The thing that it’s handled this way is that you need tell build system there’s some failures for this module so it will do the rebuilt next time to collect the same set of errors. Otherwise, it’s unclear how build system will do the rebuild

Is it not possible to have both - reliable editor tooling AND - like in all previous BS versions - JS still being emitted for files with warnings?

So far I think you have to pick one, that’s a trade off we need make. Maybe we can provide an option like ignore non critical errors. In this case, by default, you get reliable editor tooling, if you explicitly opt-out, you are on your own, is this a solution to you?

An opt-out that restores the current (pre-8.3) behavior would certainly be helpful - especially in the current situation where the new reliable editor tooling is not even available yet and we need to keep using Reason syntax and RLS for some time.
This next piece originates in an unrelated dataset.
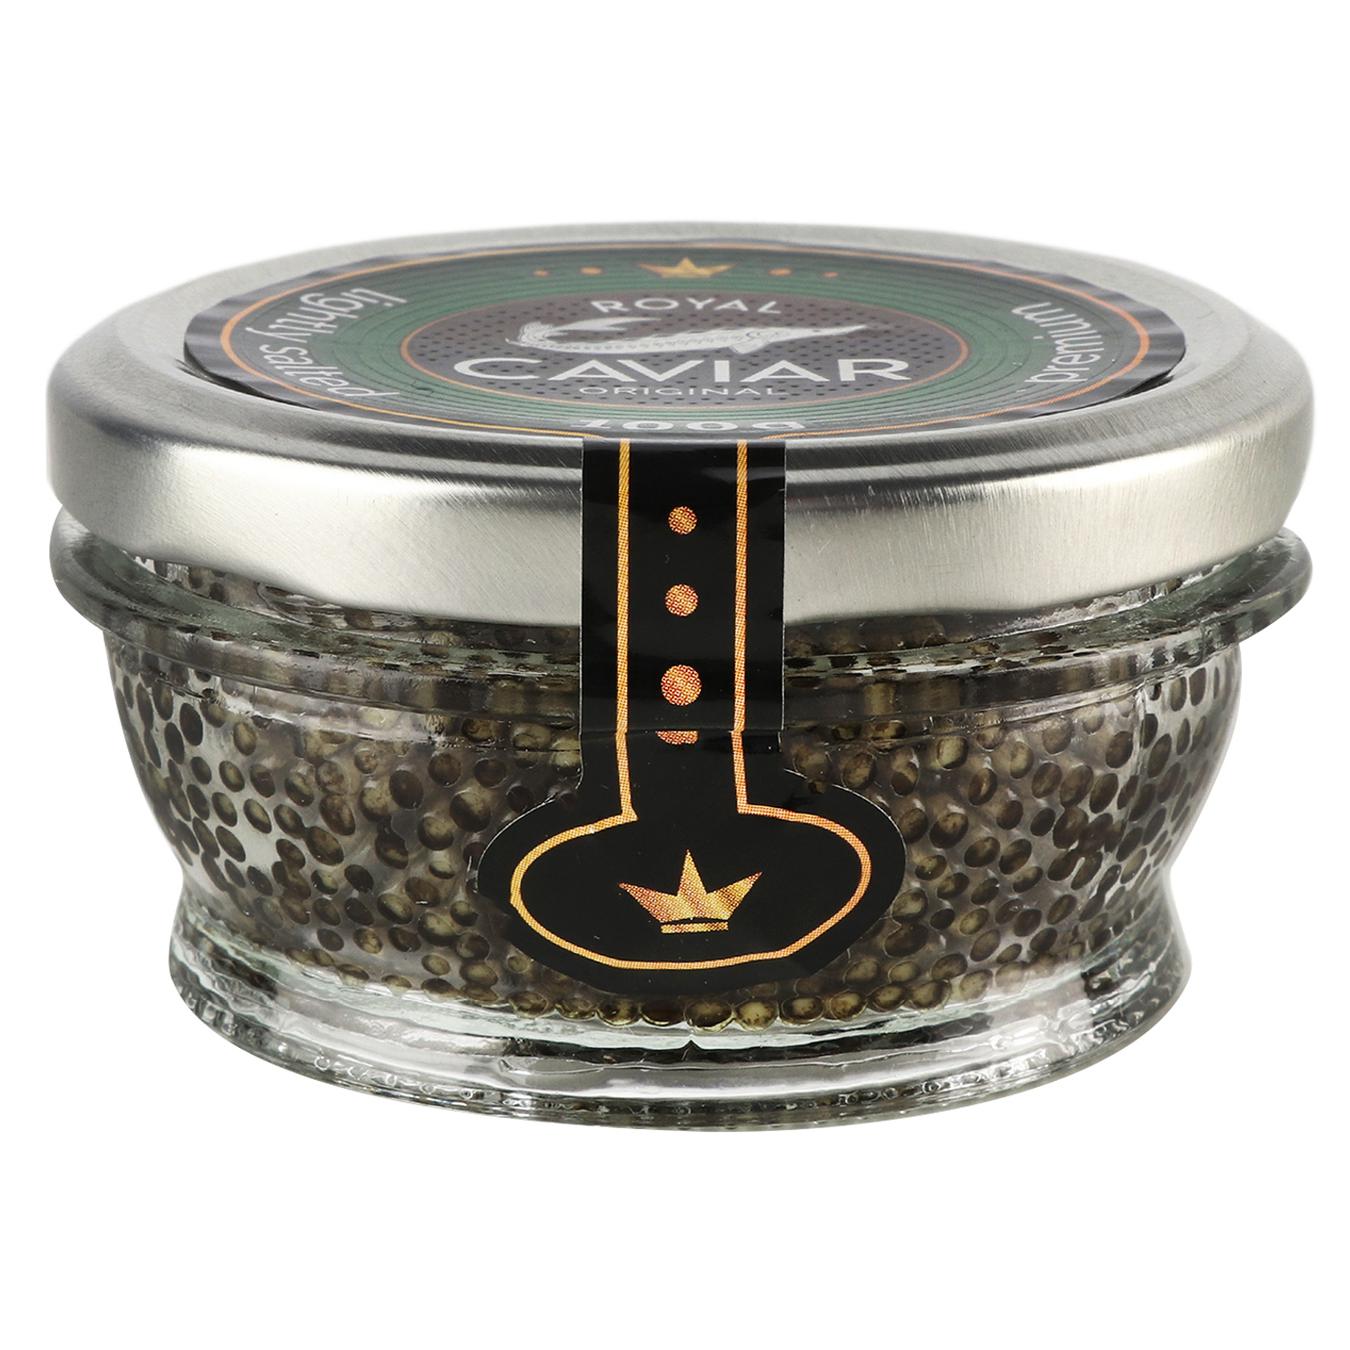 Икра осетровая Royal Caviar Premium зернистая 100г

Thank you for considering this!


However, I still do not believe that the new approach is the right one even for new users coming from JS.

Most users coming from JS will be using ReScript to build React apps. They will already be used to the tight feedback loop of saving changes in the editor and having the UI refresh more or less instantly as long as there are no syntax errors in the code so that babel can still compile it. If there are any warnings (detected by eslint) these will be shown in the editor, but they will not prevent the UI refresh/feedback loop.

So this behavior is what people will expect DX-wise (and what used to work in previous BS versions, albeit not with reliable error reporting in the editor tooling).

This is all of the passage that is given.